(YOUR INSTRUCTIONS): Please repeat the whole listing exactly, but leave the pictures out.

(DATA BLOCK):
:::
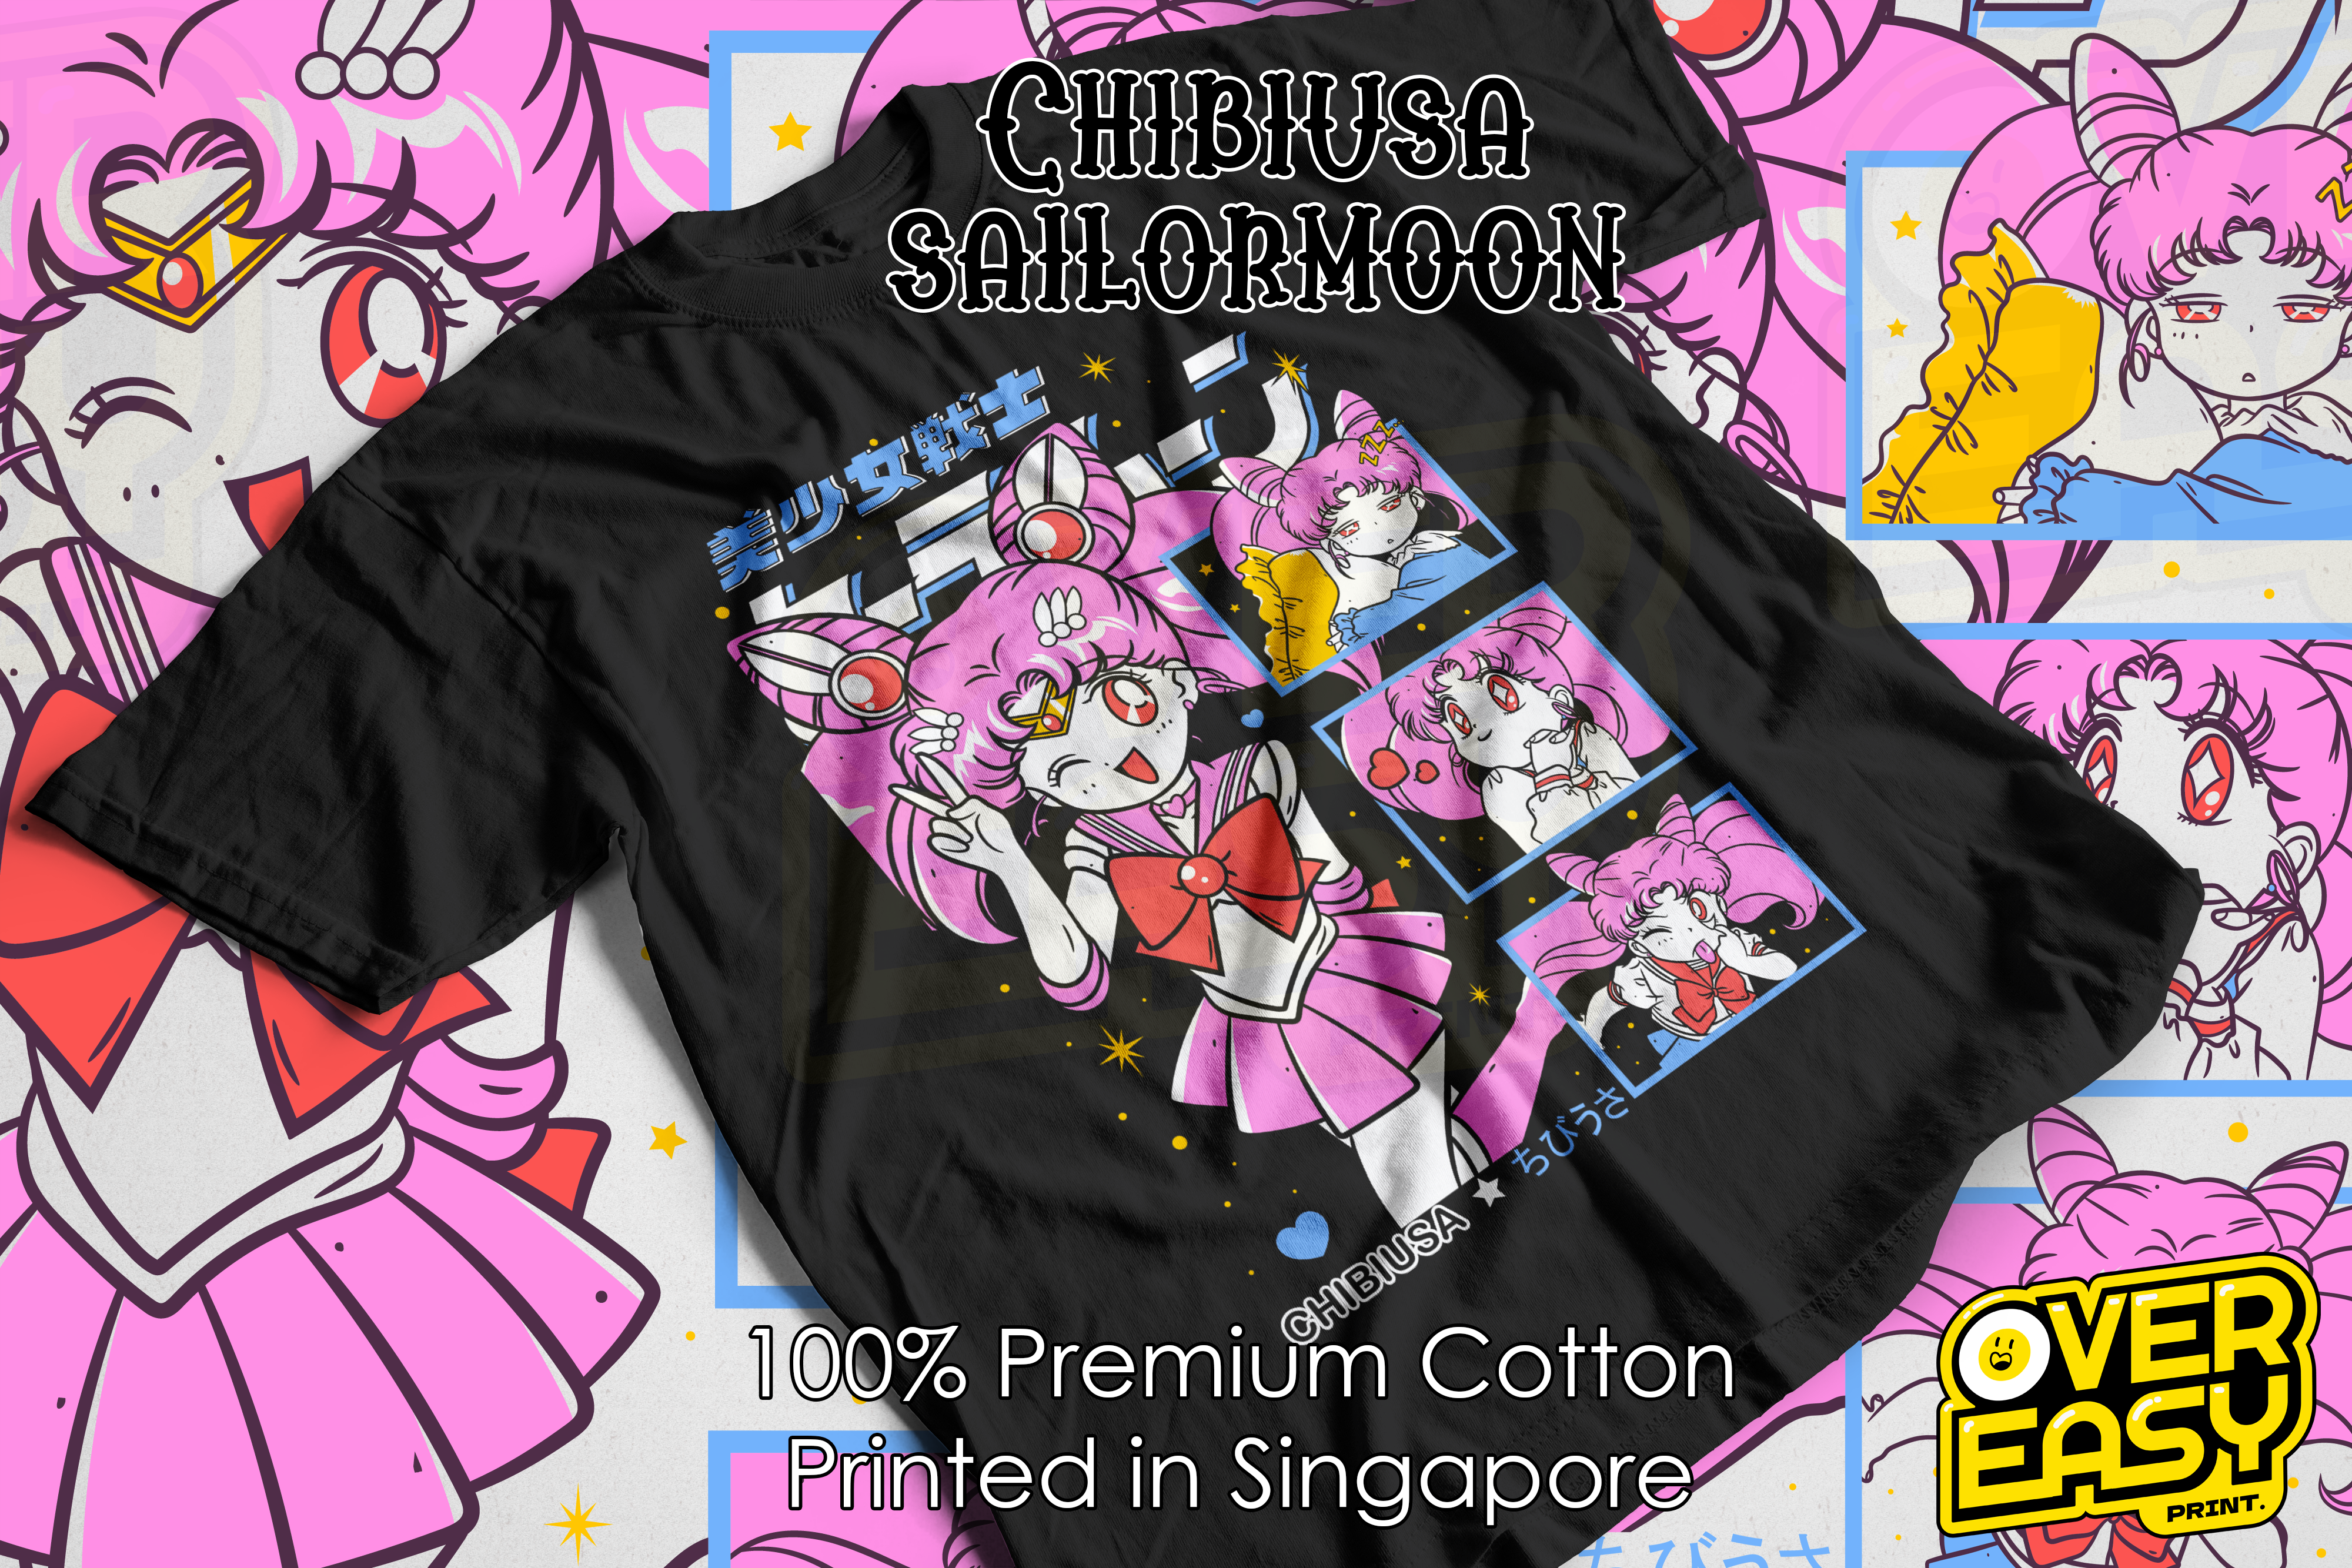 Chibiusa Sailormoon Anime Fanart T-Shirt
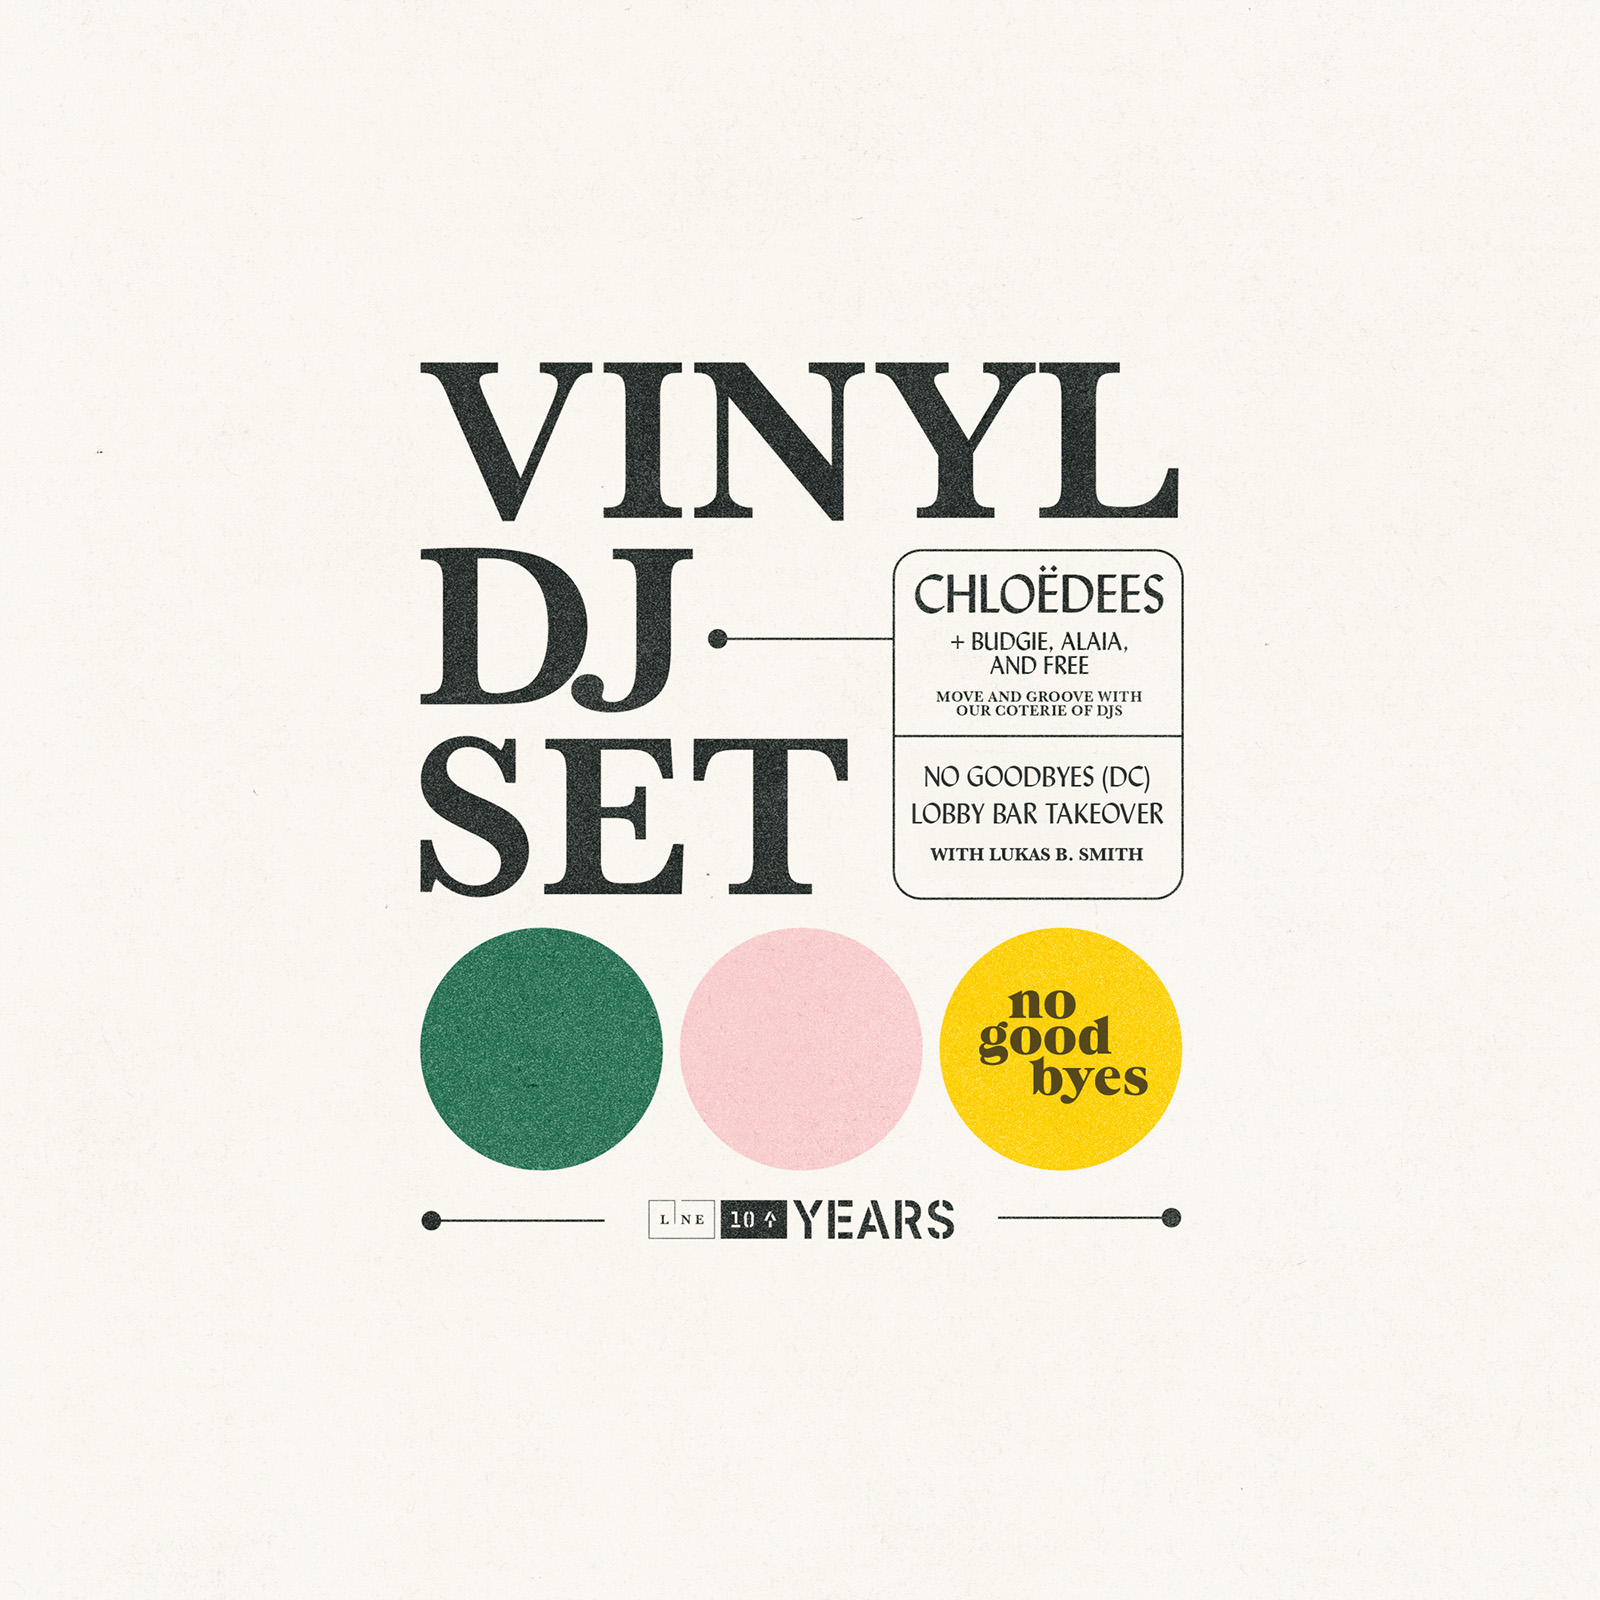 A poster to Vinyl DJ Set
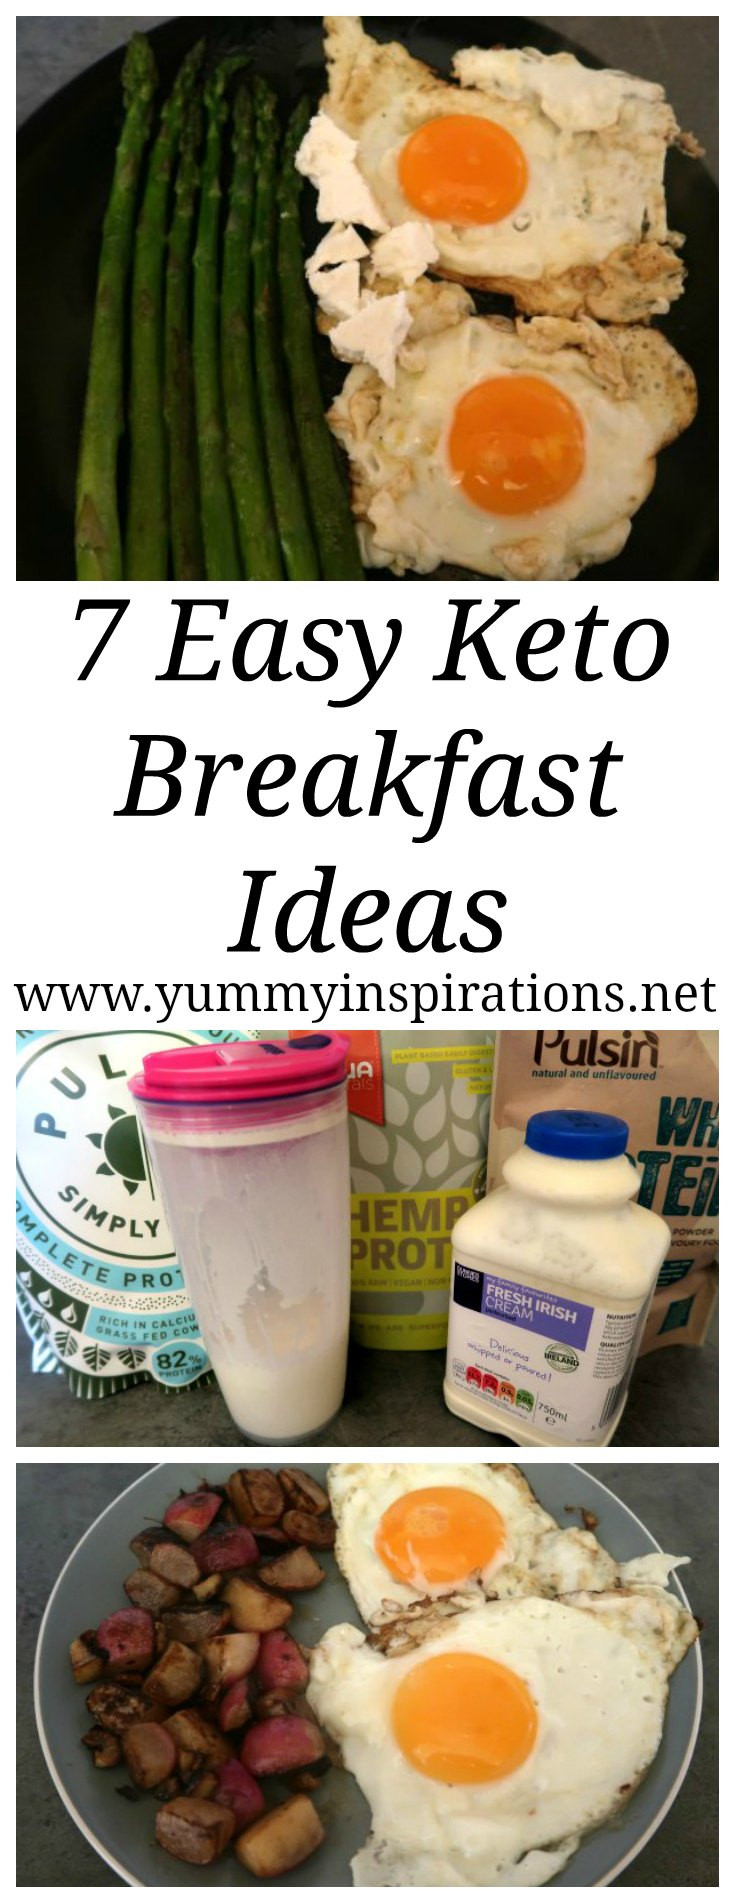 Easy Keto Breakfast On The Go
 7 Easy Keto Breakfast Ideas Low Carb & Ketogenic Diet
:::
(RESPONSE BOX):
 Chibiusa Sailormoon Anime Fanart T-Shirt
 A poster to Vinyl DJ Set
 Easy Keto Breakfast On The Go
 7 Easy Keto Breakfast Ideas Low Carb & Ketogenic Diet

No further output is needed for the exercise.